Symptom: Permission denied when reading files

Solution: The container runs as user hassette. Ensure mounted files are readable:

chmod -R a+r ./config ./apps

Apps Not Loading

1. Check App Discovery

Verify Hassette can see your app files:

docker compose exec hassette ls -la /apps

2. Verify App Directory Configuration

Ensure apps.directory in hassette.toml matches the container path:

[hassette.apps]
directory = "/apps"  # Must match volume mount

If using src/ layout:

environment:
  - HASSETTE__APPS__DIRECTORY=/apps/src/my_apps

3. Check for Python Errors

Look for syntax or import errors in the logs:

docker compose logs hassette | grep -i "error\|exception\|traceback"

4. Verify App Configuration

Ensure your app is configured in hassette.toml:

[apps.my_app]
filename = "my_app.py"
class_name = "MyApp"
enabled = true

Dependency Installation Fails

Check Installation Output

Look for installation errors in the logs:

docker compose logs hassette | grep -i "installing\|error\|failed"

Dependency Conflicts

Symptom: Container exits at startup with a DEPENDENCY CONFLICT banner followed by a uv resolver error like:

─────────────────────────────────────────────────────────
  DEPENDENCY CONFLICT

  Your project's dependencies conflict with this version
  of Hassette. This usually means your uv.lock was generated
  against a different Hassette version than this image.

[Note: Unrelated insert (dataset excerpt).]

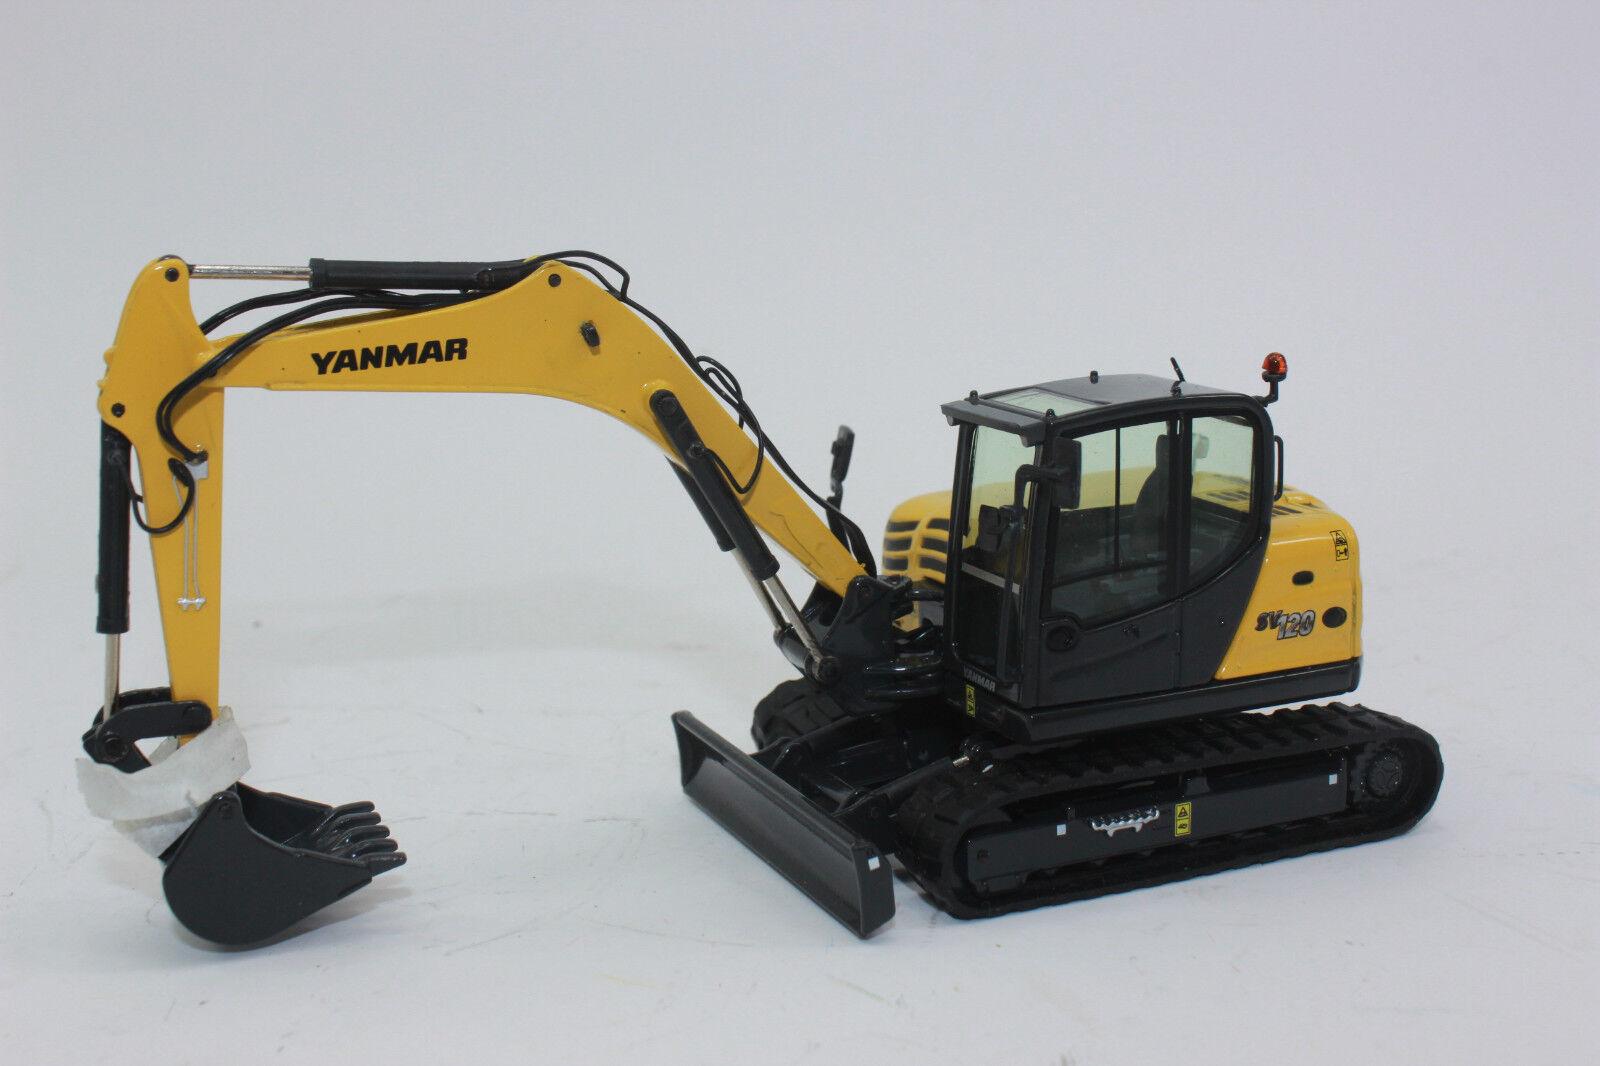 Nzg 975 Yanmar SV120 Excavadora sobre Orugas 150 Nuevo en Emb.orig.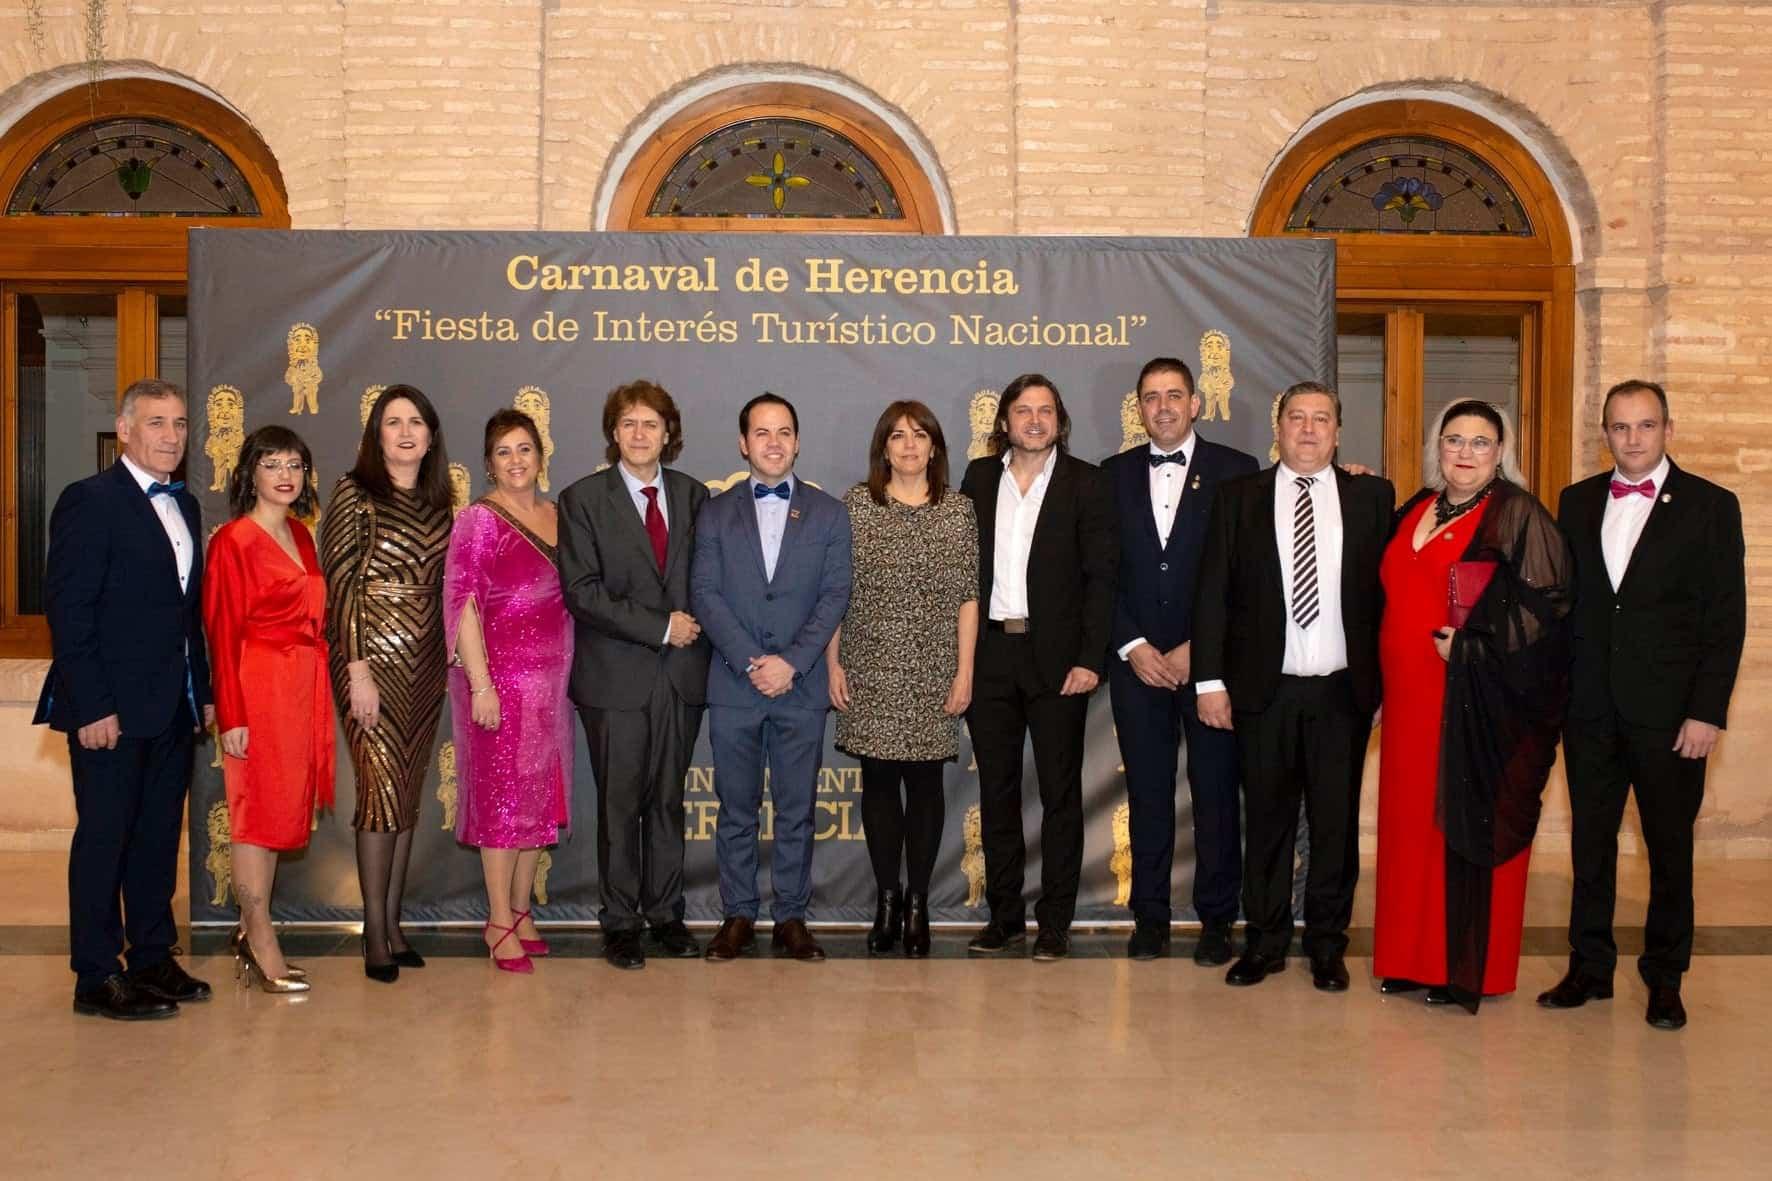 inauguracion carnaval 2020 herencia 43 - Inauguración del Carnaval de Herencia 2020

  To fix: run 'uv lock' locally, commit uv.lock, and restart.
─────────────────────────────────────────────────────────
Because you require yarl==1.20.0 and yarl==1.22.0, we can conclude that
your requirements are unsatisfiable.

Why it happens: Your project's uv.lock was resolved against a different version of Hassette than the Docker image you're running. When the startup script installs your dependencies through Hassette's constraints file, it detects the version mismatch and exits rather than silently downgrading a framework package.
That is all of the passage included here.